As #fuz points out, a coherency-violating instruction (xdcbt) was tried on PowerPC (in the Xbox 360 CPU), with disastrous results from mis-speculated execution of the instruction. So it's hard to implement.
You normally don't need this.
If the line is frequently used, LRU replacement will keep it hot. And if it's lost from L1d at frequent enough intervals, then it will probably stay hot in L2 which is also on-core and private, and very fast, in recent designs (Intel since Nehalem). Intel's inclusive L3 on CPUs other than Skylake-AVX512 means that staying in L1d also means staying in L3.
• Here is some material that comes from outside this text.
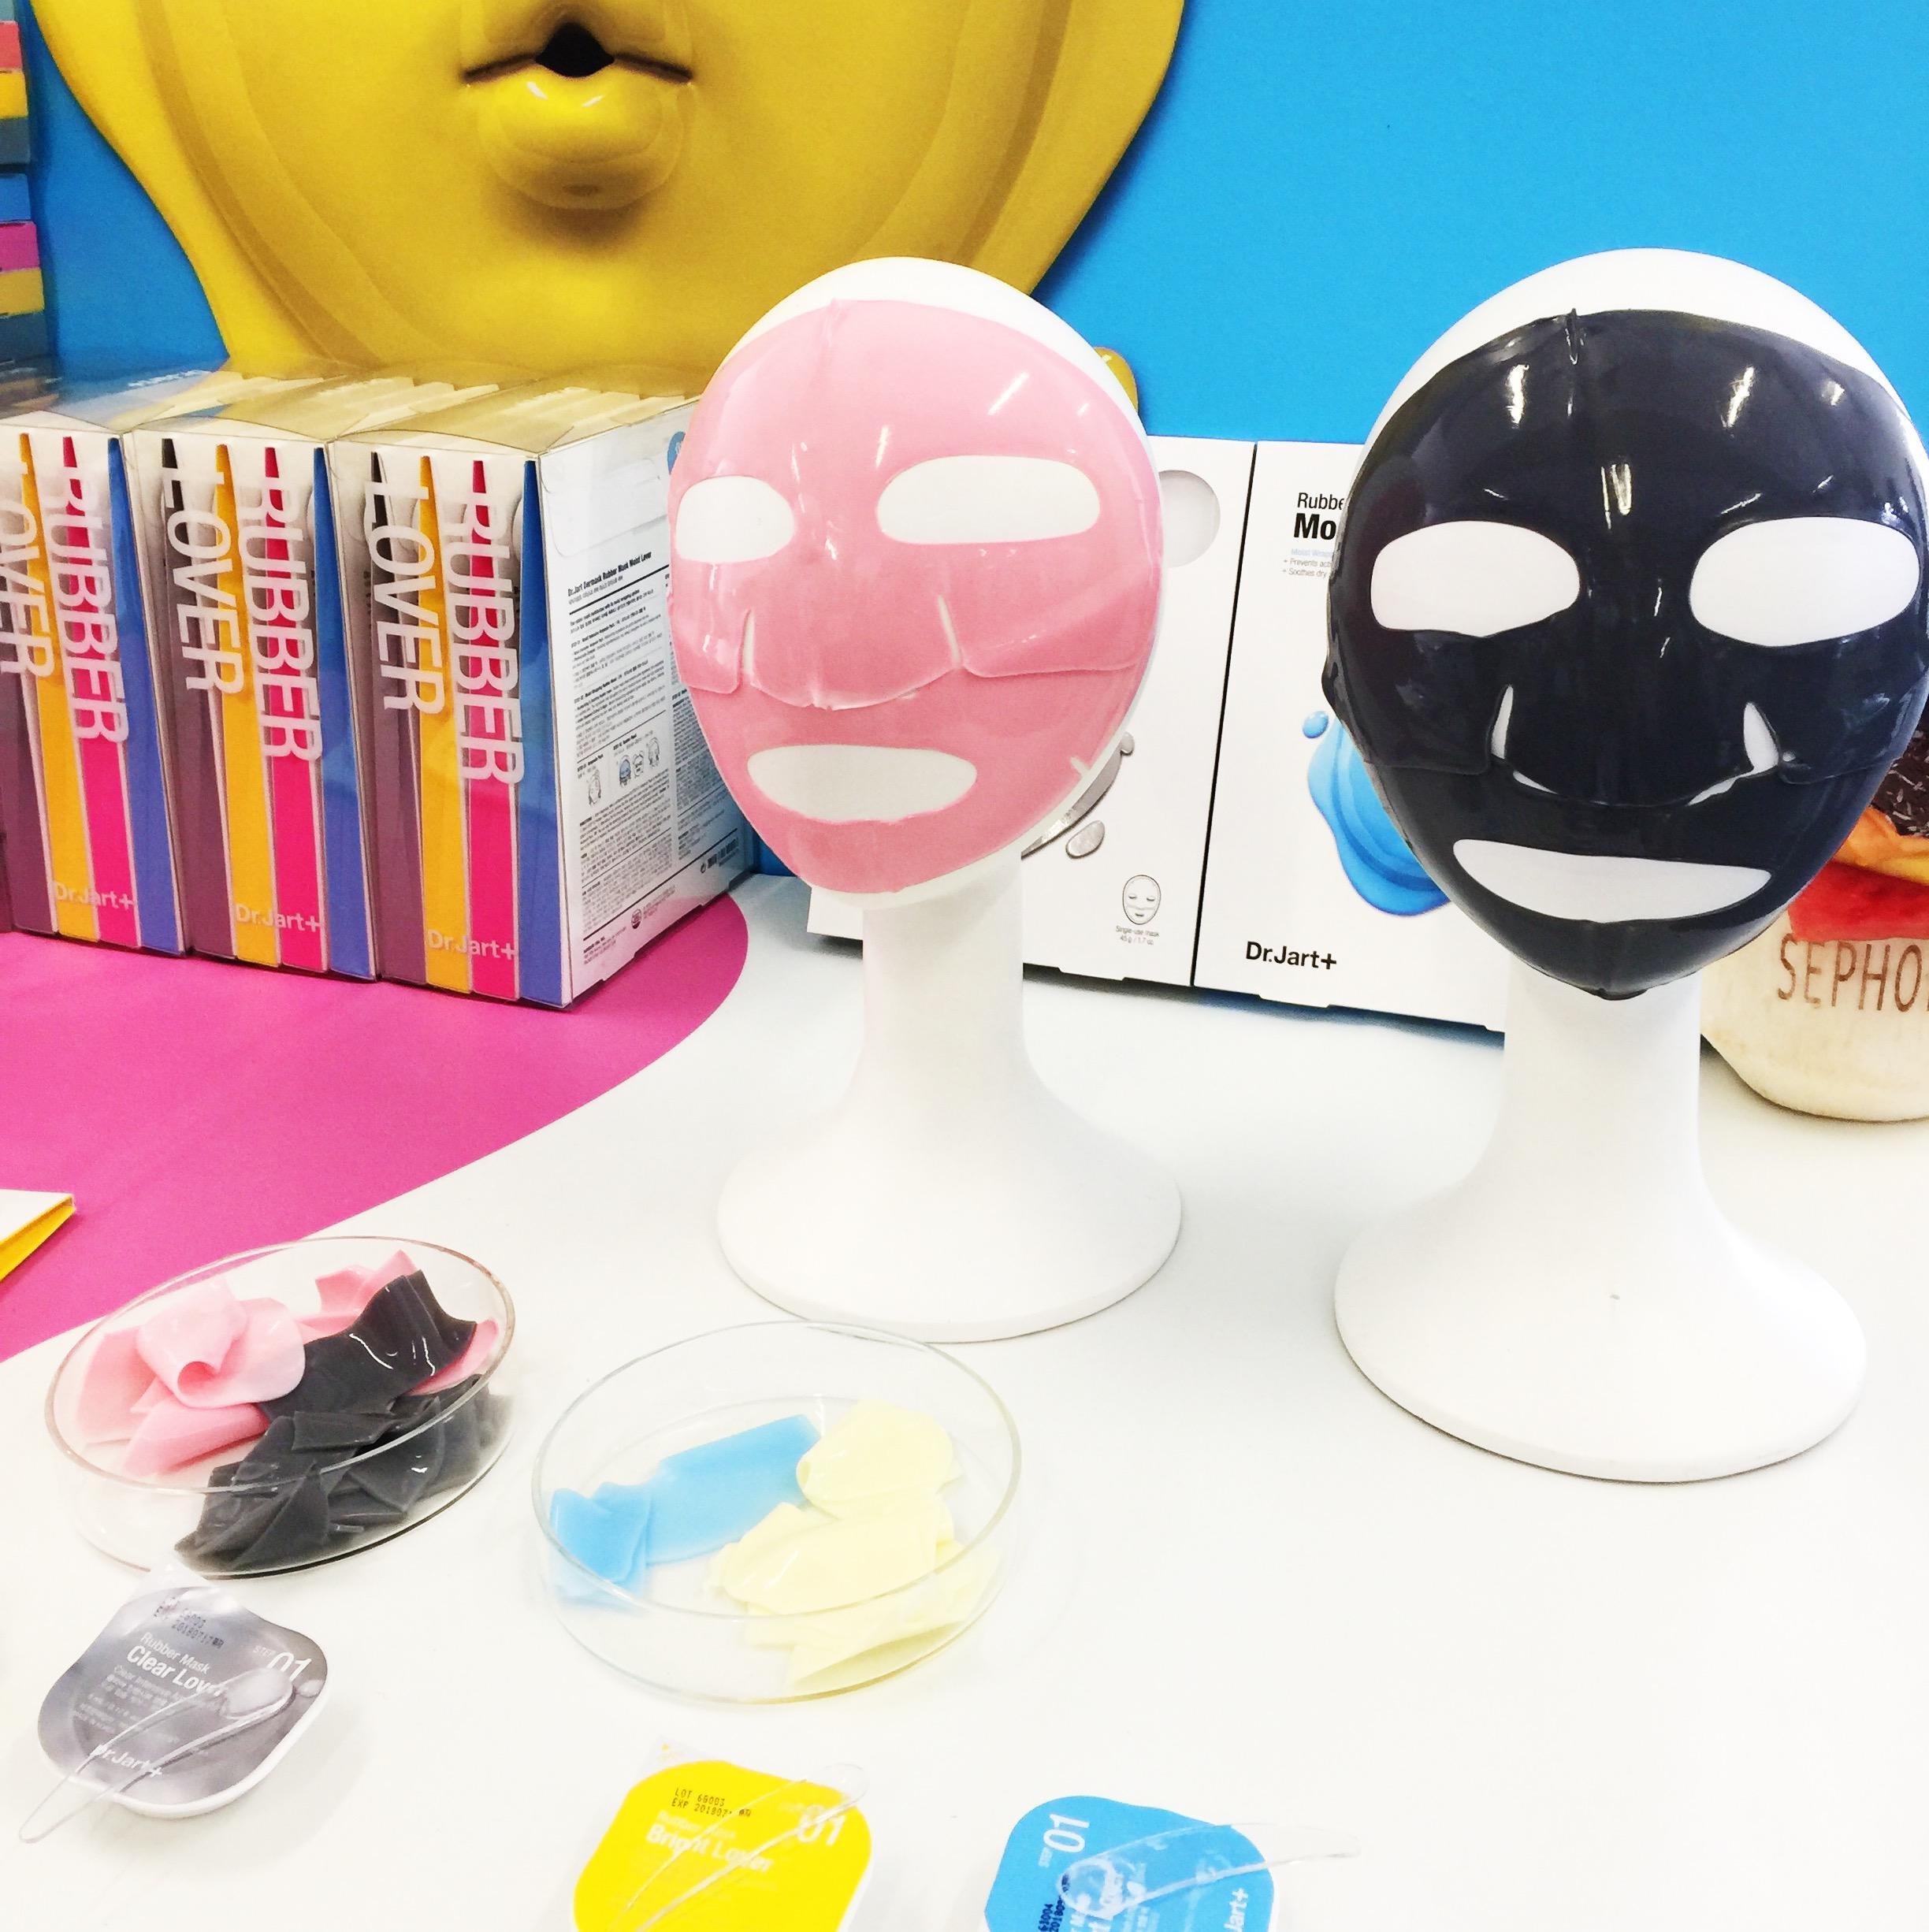 Marisa Robinson Beauty Blogger Sephora Exclusive Brands Showcase 2017 Dr Jart
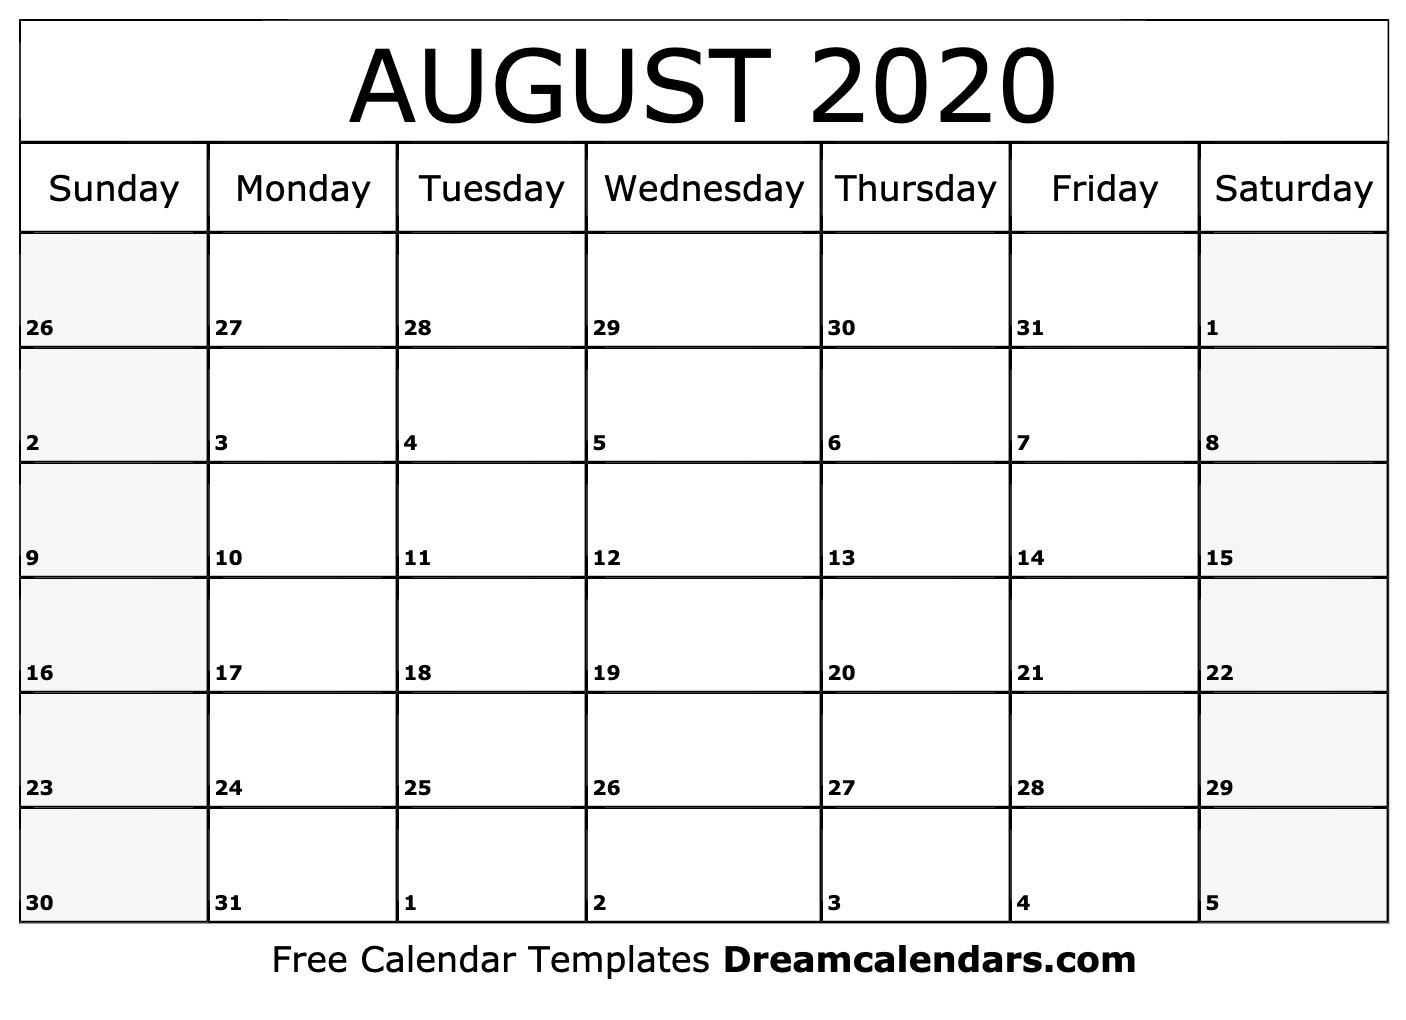 Free Blank August 2020 Printable Calendar-Blank Calendar For August 2020/monday-Friday

All this means that full cache misses all the way to DRAM are very unlikely with any kind of frequency for a line that's heavily used by one core. So throughput shouldn't be a problem. I guess you could maybe want this for realtime latency, where the worst-case run time for one call of a function mattered. Dummy reads from the cache line in some other part of the code could be helpful in keeping it hot.
However, if pressure from other cores in L3 cache causes eviction of this line from L3, Intel CPUs with an inclusive L3 also have to force eviction from inner caches that still have it hot. IDK if there's any mechanism to let L3 know that a line is heavily used in a core's L1d, because that doesn't generate any L3 traffic.
I'm not aware of this being much of a problem in real code. L3 is highly associative (like 16 or 24 way), so it takes a lot of conflicts before you'd get an eviction. L3 also uses a more complex indexing function (like a real hash function, not just modulo by taking a contiguous range of bits). In IvyBridge and later, it also uses an adaptive replacement policy to mitigate eviction from touching a lot of data that won't be reused often. http://blog.stuffedcow.net/2013/01/ivb-cache-replacement/.
See also Which cache mapping technique is used in intel core i7 processor?
#AlexisWilke points out that you could maybe use vector register(s) instead of a line of cache, for some use-cases. Using ymm registers as a "memory-like" storage location. You could globally dedicate some vector regs to this purpose. To get this in gcc-generated code, maybe use -ffixed-ymm8, or declare it as a volatile global register variable. (How to inform GCC to not use a particular register)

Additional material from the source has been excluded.